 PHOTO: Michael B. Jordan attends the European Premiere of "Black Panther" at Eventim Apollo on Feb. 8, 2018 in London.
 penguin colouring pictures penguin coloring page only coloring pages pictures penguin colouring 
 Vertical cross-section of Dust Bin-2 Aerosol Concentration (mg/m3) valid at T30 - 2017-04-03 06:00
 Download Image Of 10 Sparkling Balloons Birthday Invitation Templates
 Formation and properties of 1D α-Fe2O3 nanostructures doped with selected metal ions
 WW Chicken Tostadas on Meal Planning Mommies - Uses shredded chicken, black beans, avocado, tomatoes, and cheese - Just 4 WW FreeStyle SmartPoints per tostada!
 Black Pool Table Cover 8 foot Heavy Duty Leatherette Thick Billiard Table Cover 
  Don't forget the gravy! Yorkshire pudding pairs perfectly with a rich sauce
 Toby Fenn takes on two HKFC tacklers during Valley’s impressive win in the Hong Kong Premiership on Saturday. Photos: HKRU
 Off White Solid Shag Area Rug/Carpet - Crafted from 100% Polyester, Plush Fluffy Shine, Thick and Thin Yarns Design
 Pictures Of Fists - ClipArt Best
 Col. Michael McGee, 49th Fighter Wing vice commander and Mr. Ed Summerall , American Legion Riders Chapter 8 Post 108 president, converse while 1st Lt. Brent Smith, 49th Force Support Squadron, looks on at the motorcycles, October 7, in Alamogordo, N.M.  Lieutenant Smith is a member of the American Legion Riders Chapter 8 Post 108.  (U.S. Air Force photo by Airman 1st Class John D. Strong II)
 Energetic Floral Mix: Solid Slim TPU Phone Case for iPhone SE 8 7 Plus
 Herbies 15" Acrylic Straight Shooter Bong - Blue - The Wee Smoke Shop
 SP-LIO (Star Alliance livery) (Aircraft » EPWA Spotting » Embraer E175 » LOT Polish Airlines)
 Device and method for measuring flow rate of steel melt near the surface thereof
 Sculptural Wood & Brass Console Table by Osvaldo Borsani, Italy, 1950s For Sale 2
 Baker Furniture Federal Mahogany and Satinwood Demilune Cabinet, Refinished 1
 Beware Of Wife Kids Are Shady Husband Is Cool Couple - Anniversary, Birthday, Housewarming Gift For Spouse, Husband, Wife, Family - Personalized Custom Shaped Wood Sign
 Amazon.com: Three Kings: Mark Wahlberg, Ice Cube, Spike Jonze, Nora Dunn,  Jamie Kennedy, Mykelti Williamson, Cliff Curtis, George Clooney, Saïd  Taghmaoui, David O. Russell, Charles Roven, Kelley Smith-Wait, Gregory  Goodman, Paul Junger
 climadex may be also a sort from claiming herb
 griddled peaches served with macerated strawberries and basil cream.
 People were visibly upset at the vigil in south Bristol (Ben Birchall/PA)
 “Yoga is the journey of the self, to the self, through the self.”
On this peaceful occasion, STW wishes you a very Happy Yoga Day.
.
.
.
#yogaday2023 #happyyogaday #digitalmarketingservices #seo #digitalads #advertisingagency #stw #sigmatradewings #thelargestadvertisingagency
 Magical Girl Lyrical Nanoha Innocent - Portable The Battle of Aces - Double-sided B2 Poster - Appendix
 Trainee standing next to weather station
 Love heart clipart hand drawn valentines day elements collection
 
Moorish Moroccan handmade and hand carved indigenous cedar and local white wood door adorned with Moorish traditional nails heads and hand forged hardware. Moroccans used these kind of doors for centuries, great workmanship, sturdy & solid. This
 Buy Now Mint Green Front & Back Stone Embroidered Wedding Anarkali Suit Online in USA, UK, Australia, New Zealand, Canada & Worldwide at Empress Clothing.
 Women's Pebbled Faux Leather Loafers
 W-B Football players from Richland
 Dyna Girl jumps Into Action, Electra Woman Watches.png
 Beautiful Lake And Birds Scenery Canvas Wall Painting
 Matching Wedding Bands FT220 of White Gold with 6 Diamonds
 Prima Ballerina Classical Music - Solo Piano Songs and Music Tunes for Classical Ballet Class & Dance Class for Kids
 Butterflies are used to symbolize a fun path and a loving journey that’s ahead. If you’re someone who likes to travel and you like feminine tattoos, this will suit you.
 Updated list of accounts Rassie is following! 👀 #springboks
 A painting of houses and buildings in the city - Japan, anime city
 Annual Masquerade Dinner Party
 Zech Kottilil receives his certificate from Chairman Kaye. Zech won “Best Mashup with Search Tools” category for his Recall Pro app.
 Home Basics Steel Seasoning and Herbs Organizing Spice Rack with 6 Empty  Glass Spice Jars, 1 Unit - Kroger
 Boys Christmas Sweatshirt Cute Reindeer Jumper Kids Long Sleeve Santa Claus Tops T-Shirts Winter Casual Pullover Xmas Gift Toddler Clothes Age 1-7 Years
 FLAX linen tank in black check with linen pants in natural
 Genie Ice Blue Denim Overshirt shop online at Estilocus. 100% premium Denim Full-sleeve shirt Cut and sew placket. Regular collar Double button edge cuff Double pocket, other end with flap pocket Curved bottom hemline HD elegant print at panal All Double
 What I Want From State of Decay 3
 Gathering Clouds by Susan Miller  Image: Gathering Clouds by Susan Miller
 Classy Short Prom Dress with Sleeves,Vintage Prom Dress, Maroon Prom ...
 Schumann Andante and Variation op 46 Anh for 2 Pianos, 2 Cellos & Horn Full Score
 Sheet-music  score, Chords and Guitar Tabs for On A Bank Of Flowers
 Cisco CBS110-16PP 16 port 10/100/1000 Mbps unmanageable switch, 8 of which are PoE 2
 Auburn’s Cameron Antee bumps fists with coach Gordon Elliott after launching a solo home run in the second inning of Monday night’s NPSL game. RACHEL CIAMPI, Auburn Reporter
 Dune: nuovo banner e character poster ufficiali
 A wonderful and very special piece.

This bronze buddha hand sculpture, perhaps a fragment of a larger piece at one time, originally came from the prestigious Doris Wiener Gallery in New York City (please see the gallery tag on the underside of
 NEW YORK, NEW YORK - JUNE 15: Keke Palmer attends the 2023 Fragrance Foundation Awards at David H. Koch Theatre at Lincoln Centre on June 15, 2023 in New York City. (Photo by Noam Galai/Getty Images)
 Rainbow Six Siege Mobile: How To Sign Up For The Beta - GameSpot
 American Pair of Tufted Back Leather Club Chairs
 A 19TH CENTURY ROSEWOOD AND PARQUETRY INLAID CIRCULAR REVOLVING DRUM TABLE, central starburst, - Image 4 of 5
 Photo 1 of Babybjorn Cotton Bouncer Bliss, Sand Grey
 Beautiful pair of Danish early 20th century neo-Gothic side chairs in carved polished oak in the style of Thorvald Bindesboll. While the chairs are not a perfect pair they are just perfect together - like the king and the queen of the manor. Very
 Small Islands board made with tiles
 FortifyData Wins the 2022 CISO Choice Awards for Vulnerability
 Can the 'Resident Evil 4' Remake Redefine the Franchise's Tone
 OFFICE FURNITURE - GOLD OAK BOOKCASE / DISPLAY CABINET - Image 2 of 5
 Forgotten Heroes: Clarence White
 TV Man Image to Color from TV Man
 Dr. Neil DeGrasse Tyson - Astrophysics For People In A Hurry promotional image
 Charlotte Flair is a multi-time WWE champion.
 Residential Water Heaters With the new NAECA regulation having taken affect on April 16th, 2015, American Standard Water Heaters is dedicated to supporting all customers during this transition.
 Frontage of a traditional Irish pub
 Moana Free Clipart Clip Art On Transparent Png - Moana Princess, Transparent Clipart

§ What you are asked to do: With "piece" as the search string, filter the records and return each line that has it.

§ Worked solution:
 A wonderful and very special piece.
This bronze buddha hand sculpture, perhaps a fragment of a larger piece at one time, originally came from the prestigious Doris Wiener Gallery in New York City (please see the gallery tag on the underside of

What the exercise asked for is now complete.